Reserves targeted in battle against contraband tobacco

Posted: May 8, 2008 in Conservatives, Headlines, Natives, RCMP, Tobacco Kings
The Globe & Mail
May 8, 2008

OTTAWA — The RCMP and the Conservative government are targeting three of the most volatile native reserves in the country as part of a new effort to battle contraband tobacco and organized crime.

A report released yesterday by Public Safety Minister Stockwell Day and RCMP Assistant Commissioner Raf Souccar singled out Kahnawake in Quebec and Tyendinaga and Six Nations in Ontario as the Canadian sources of illicitly manufactured tobacco.

Factories on the U.S. side of Akwesasne, which straddles the Canada-U.S. border, remain the largest producers of illegal tobacco in Canada, and Mr. Day said he was working with American officials on that front.

But when asked about the three Canadian reserves identified in the report, Mr. Day promised actions “that weren’t taken before” to get members of these communities onside.

“When a community sees that the government, police and various agencies are all working together and are really going to be there to support the reduction of criminal activity, you find more and more response, more and more collaboration from the individuals in the communities themselves … once they’re convinced you are actually going to be there for them.”

The report acknowledges that the existing approach – focused on sporadic raids and intercepting deliveries on Canadian highways – is not working. Mr. Day said some of the 1,000 new RCMP officers being recruited will mean more police dedicated to fighting contraband, which he said is funding organized crime and possibly even terrorists.
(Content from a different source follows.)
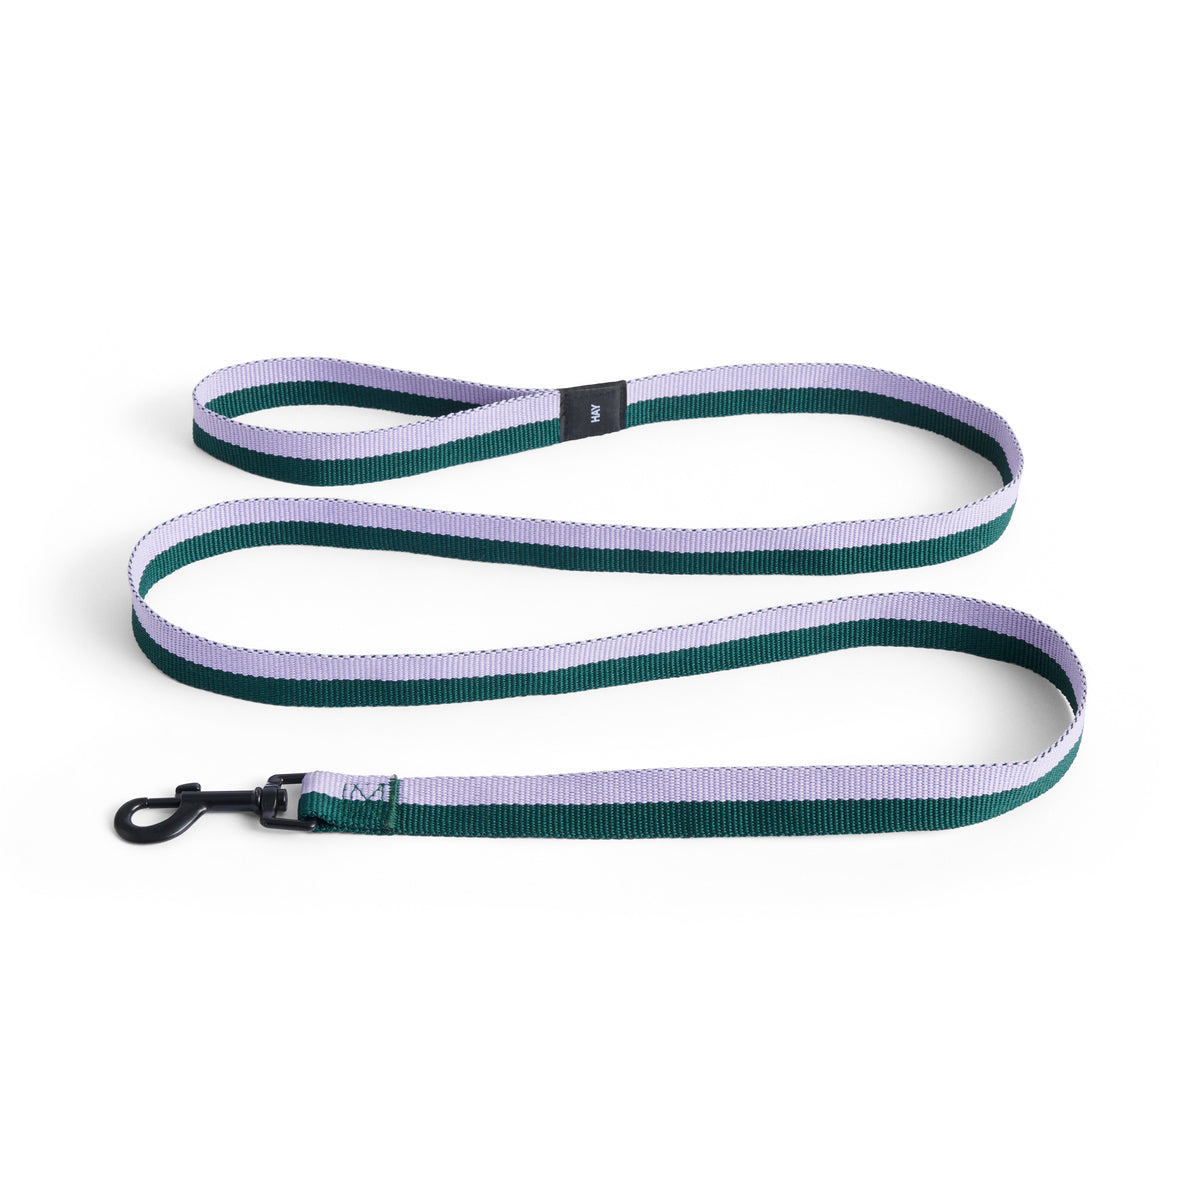 Flat Lavender Green dog leash - HAY

Anti-tobacco advocates concerned about the health impacts of widely available cheap cigarettes have accused governments and police of turning a blind eye to tobacco violations on Canadian reserves for fear of politically embarrassing confrontation.

Mr. Day’s news conference with the RCMP appears to signal a new willingness to take that political risk.

The report says the 315 known smoke shops in Canada selling the untaxed tobacco at prices as low as $6 for 200 cigarettes can be found on just six reserves.

It further identifies the three Mohawk communities manufacturing illegal tobacco. All three have a history of confrontation.

Kahnawake was at the heart of the 78-day Oka crisis in 1990, Tyendinaga has been the source of several tense confrontations between natives and the Ontario Provincial Police in recent weeks and Six Nation protesters are in their third year of occupying a housing development in Caledonia, Ont.

Though the RCMP report links the hike in contraband to high federal and provincial tobacco taxes, Quebec Revenue Minister Jean-Marc Fournier warned tobacco tax cuts would boost youth smoking.

Mr. Fournier offered support for increasing police intervention on native reserves, but cautioned against aggressive action that could threaten social peace and risk a repeat of the Oka confrontation that saw a Sûreté du Québec police officer shot dead.

“We need to be responsible in the way we enforce the law and take into account the precedents.”